Leftwich’s comments are biased against law-abiding citizens to the point that it borders on bigotry against anyone in the inner city. Her statement puts Mr. McDonald in the same category as Jackson.
Huff and Puff’s Sour Grapes
Writing for the Huffington Post, Josh Sugarmann (head of the anti-firearms Violence Policy Center), got all huffed and puffed by the fact that: “Tomorrow ‘Sport Shooting Ambassador Award’ winner Antonin Scalia will hear oral arguments in McDonald v. Chicago. What’s the problem Josh? Don’t like it when a judge happens to like guns? That seems to be the point in his anti-gun zealot editorial:
“So while we in the United States accept that a Supreme Court Justice who’s an ‘Ambassador’ for the gun industry can ethically rule on cases that impact the very industry he represents, maybe in Old Europe, where the WFSA is located, they can still feel the sting of a little thing called shame.”
Maybe some of us in the United States feel proud to have a judge that cares about the Second Amendment.

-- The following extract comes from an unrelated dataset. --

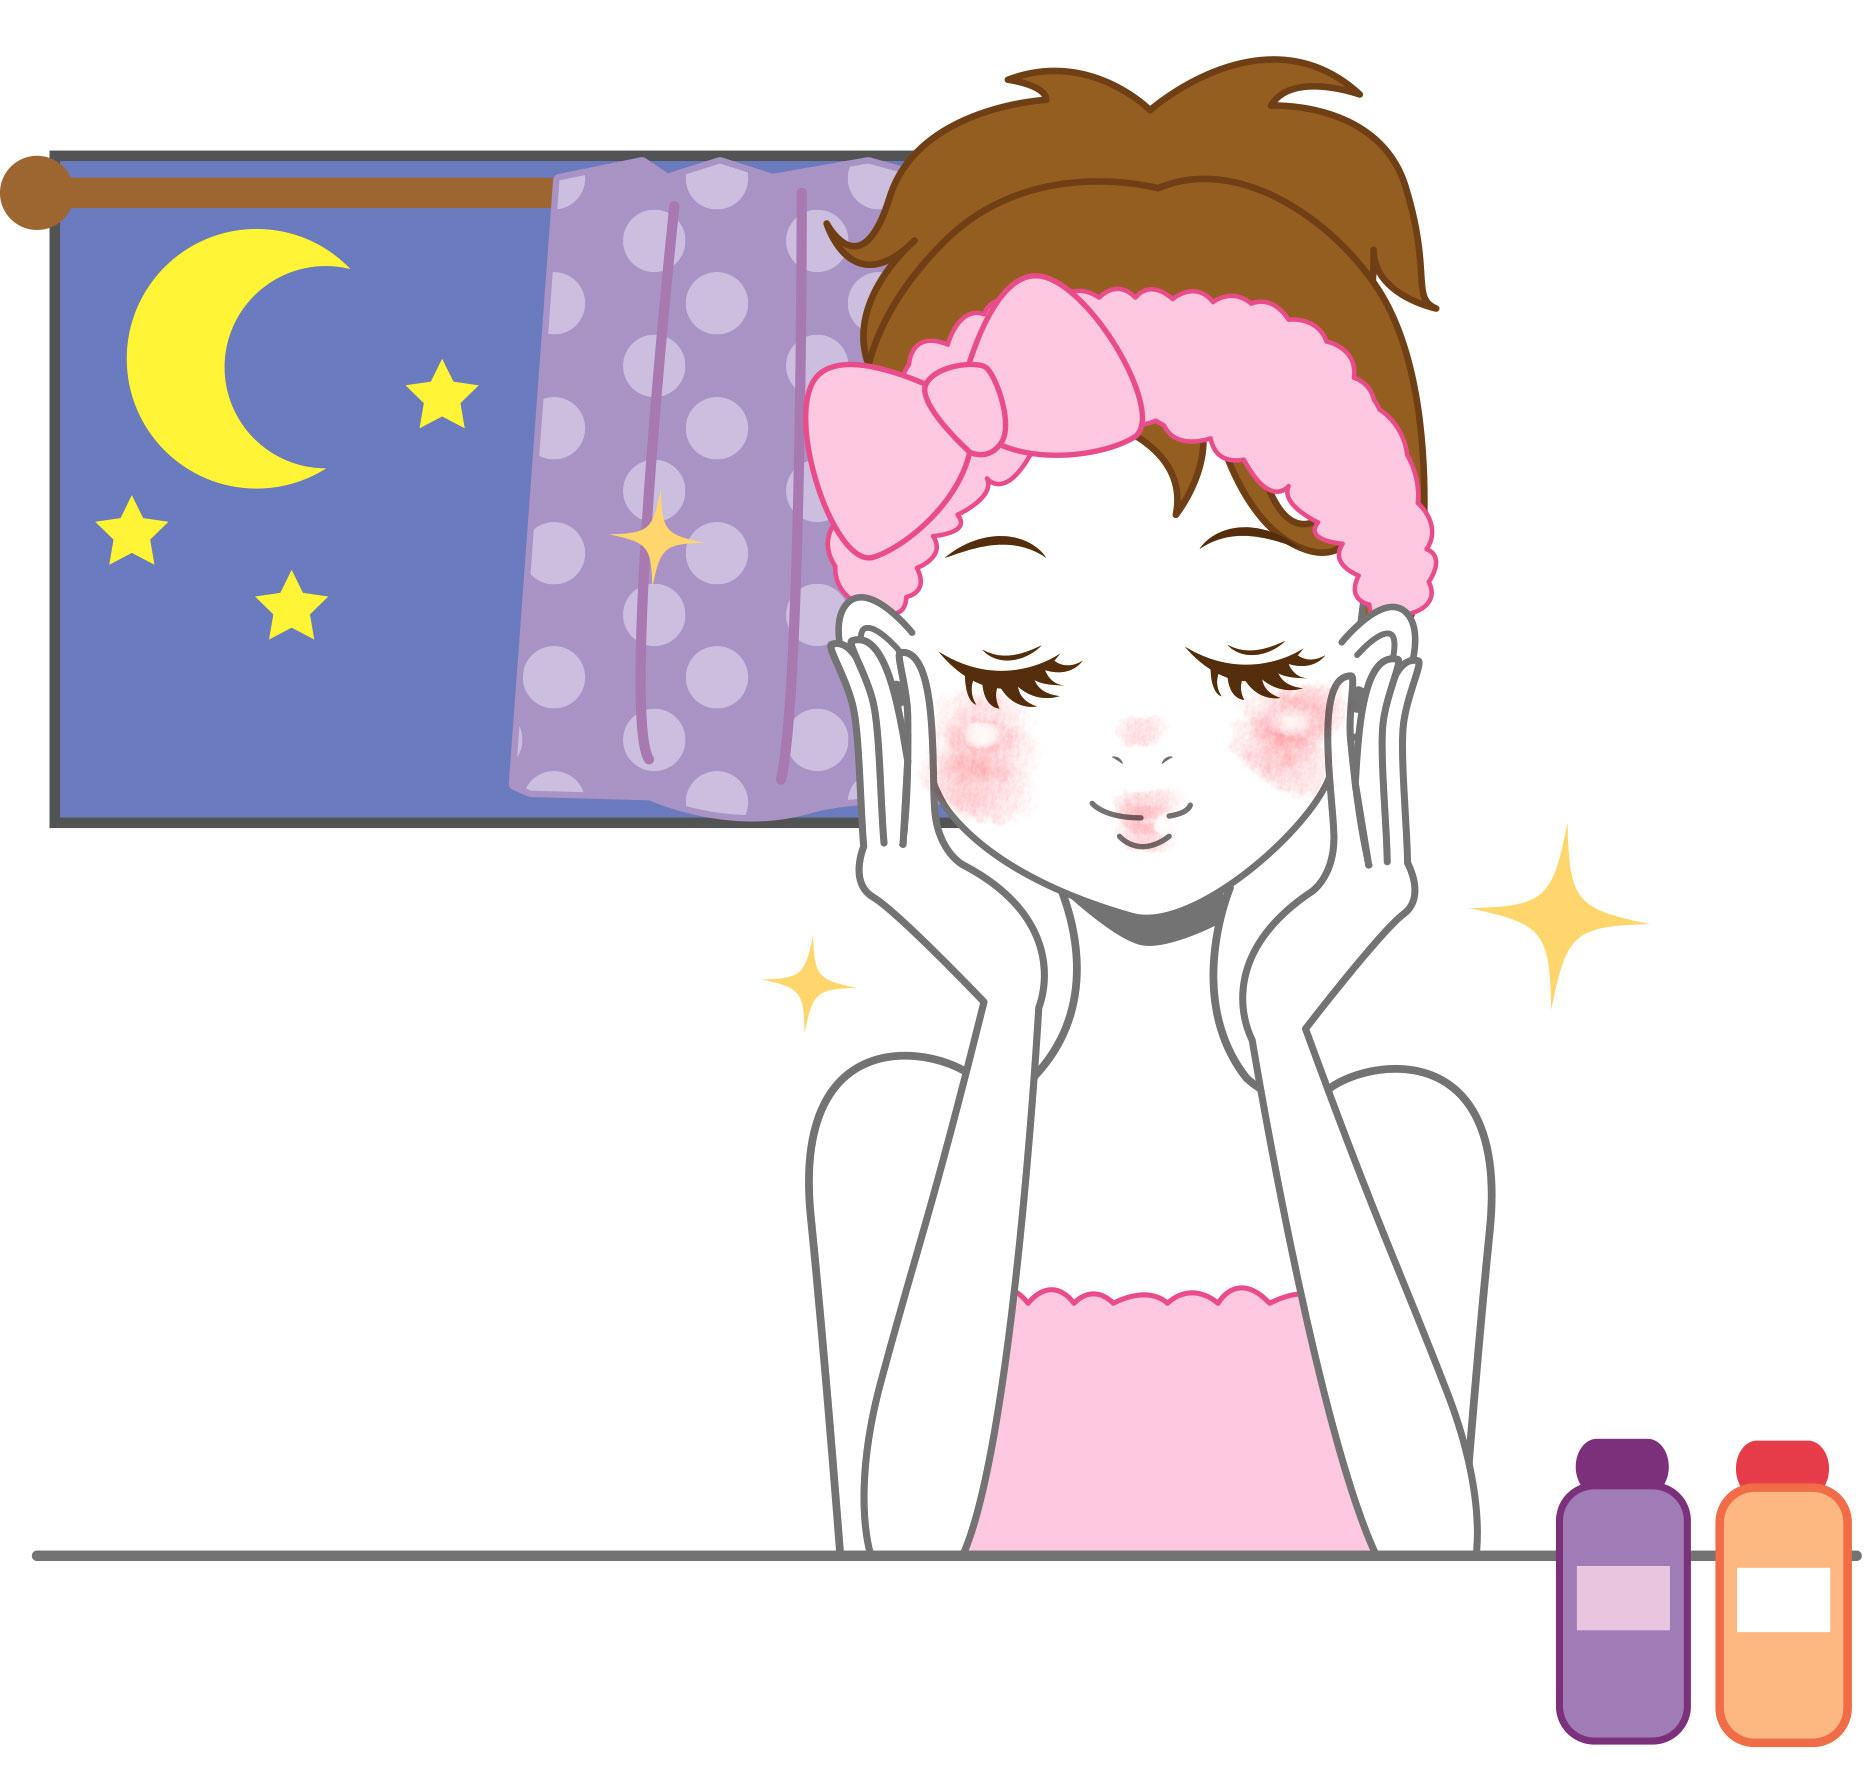 乾燥肌を体質改善する方法!乾燥肌にいい食べ物は?保湿に優れたおすすめ製品!

CSM Says Gun Rights Not the Same as Free Speech
The Christian Science Monitor is a typical liberal leaning example of the mainstream media that pulls no punches when it comes to bias against firearms. Case in point, in an editorial published this week, the outlet offers:
“The Supreme Court hears arguments Tuesday that could result in striking down a handgun ban in Chicago and other places. But beyond that, the court must clarify how fundamental gun rights are. They shouldn’t be viewed as equal to free-speech rights.”
We ask the CSM and the author, why shouldn’t gun rights be viewed as equal to free-speech rights? The editorial offers this argument:
“Firearms must be treated differently from free speech. Slinging guns is not the same as slinging slurs. Guns can kill a person, while any child can quote that ‘sticks and stones may break my bones but words will never hurt me’ (except for yelling ‘Fire!’ in a crowded theater, for which there is a restriction).”

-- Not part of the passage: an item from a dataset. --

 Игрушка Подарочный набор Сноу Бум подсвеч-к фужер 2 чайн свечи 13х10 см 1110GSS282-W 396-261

The irony of all this is that the CSM is offering this editorial in response to McDonald v. Chicago, where a 70-something man in Chicago simply wants a gun to protect his home and his wife. So no slinging guns is not the same, but when the criminals aren’t following the law, why should law-abiding citizens be put at risk? Words can never hurt you, but criminals with far more than unkind words can ruin your life, and men such as Mr. McDonald should be able to have something to back up their strong words.